A client response contains

  • A request attribute, the instance of ClientRequest that created the request
  • A status_code, HTTP code
  • A headers dist
  • A reason, which is the Reason phrase returned by server (Not Found, etc).
  • A body method, that return the whole body in bytes.
  • A stream_download method that allows to stream the body, instead of loading it in memory
  • A raise_for_status method, that will raise if status_code is >= 400

HTTPPolicy

HTTPPolicy is a simple abstract class with an abstract method send:

    @abc.abstractmethod
    def send(self, request, **kwargs):
        # type: (ClientRequest, Any) -> ClientResponse
        """Mutate the request..
        """
        return self.next.send(request, **kwargs)
  • next is a read-only attribute that contains a pointer to the next policy or HTTP engine.

AsyncHTTPPolicy

AsyncHTTPPolicy is simply the async version of HTTPPolicy:

    @abc.abstractmethod
    async def send(self, request, **kwargs):
        # type: (ClientRequest, Any) -> ClientResponse
        """Mutate the request..
        """
        return await self.next.send(request, **kwargs)
  • next is a read-only attribute that contains a pointer to the next policy or HTTP engine.

SansIOHTTPPolicy

This is a simple abstract class, that can act before the request is done, or act after. For instance:

  • Settings headers in the request
  • Serializing a complex model into a body as bytes
  • Deserializing a raw bytes response to a complex model
  • Logging the request in and the response out
    def prepare(self, request, **kwargs):
        """Is executed before sending the request to next policy.
        """
        pass

    def post_send(self, request, response, **kwargs):
        """Is executed after the request comes back from the policy.
        """
        pass

HTTPEngine

Generic HTTP configuration

Some of the basic configuration for HTTP client are related mostly to the HTTP spec and can be externalized as a common set of parameters that all HTTP implementation should support. For example, proxies or custom certificate. This is the purpose of the HTTPSenderConfiguration configuration class.
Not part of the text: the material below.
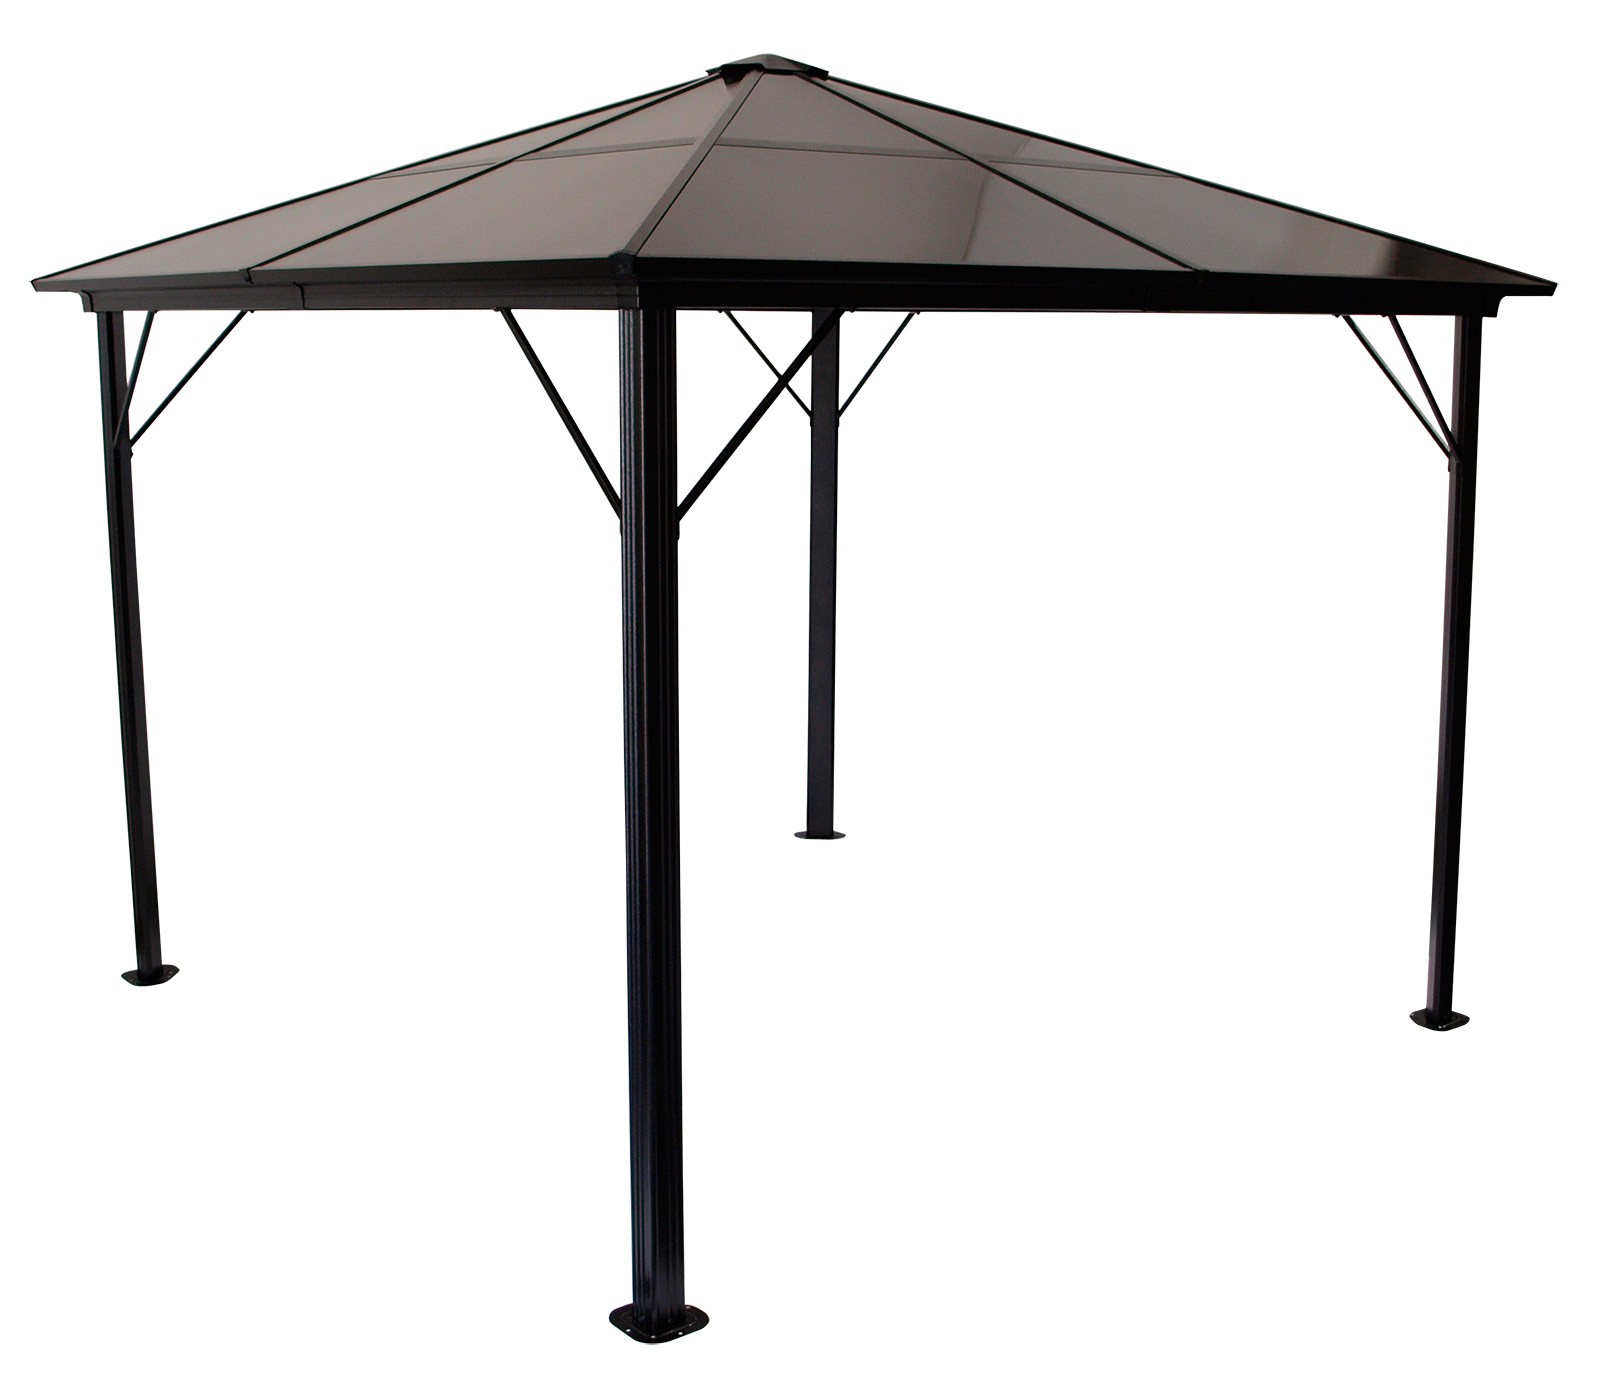 gartenpavillon pavillon metall pavillion montreal alu dach kunststoffplatten ebay. Black Bedroom Furniture Sets. Home Design Ideas

Section Attribute Type Default Value Description
Connection timeout int 100 Timeout of connect or read connection
verify bool True Should I verify the certificate
cert str None Path to a certificate
Proxies proxies dict {} Proxies, keys are protocol
use_env_settings bool True Trust HTTP_PROXY env variable and .netrc
Redirect_Policy allow bool True Allow redirect
max_redirects int 30 Max redirection before failing

Example:

from msrest.pipeline import Pipeline, HTTPSenderConfiguration, get_default_engine

config = HTTPSenderConfiguration()
config.connection.timeout = 10
config.redirect_policy.allow = False

request = ClientRequest("GET", "http://bing.com")
with Pipeline(sender=get_default_engine(config)) as pipeline:
    pipeline.run(request)

(same configuration object can be used for async)

requests based engine

FIXME: describe what parameters are only available for this engine for complex scenario

aiohttp based engine

FIXME: describe what parameters are only available for this engine for complex scenario

Autorest

Autorest is using Pipeline has its HTTP client as of msrest 0.6.0. The default sync Pipeline implementation is as follow:

    def _create_default_pipeline(self):
        # type: () -> Pipeline

        policies = [
            self.config.user_agent_policy,  # UserAgent policy with msrest version
            RequestsPatchSession(),         # Support deprecated operation config at the session level
            self.config.http_logger_policy  # HTTP request/response log
        ]  # type: List[Union[HTTPPolicy, SansIOHTTPPolicy]]
        if self._creds:
            policies.insert(1, RequestsCredentialsPolicy(self._creds))  # Set credentials for requests based session

        return Pipeline(
            policies,
            RequestsHTTPSender(self.config)  # Send HTTP request using requests
        )

With an instance of Autorest client in a client variable, pipeline can be changed anytime using:

client.config.pipeline = Pipeline(**custom_own_parameters)

This implementation is 100% backward compatible with all released SDK in the last two years.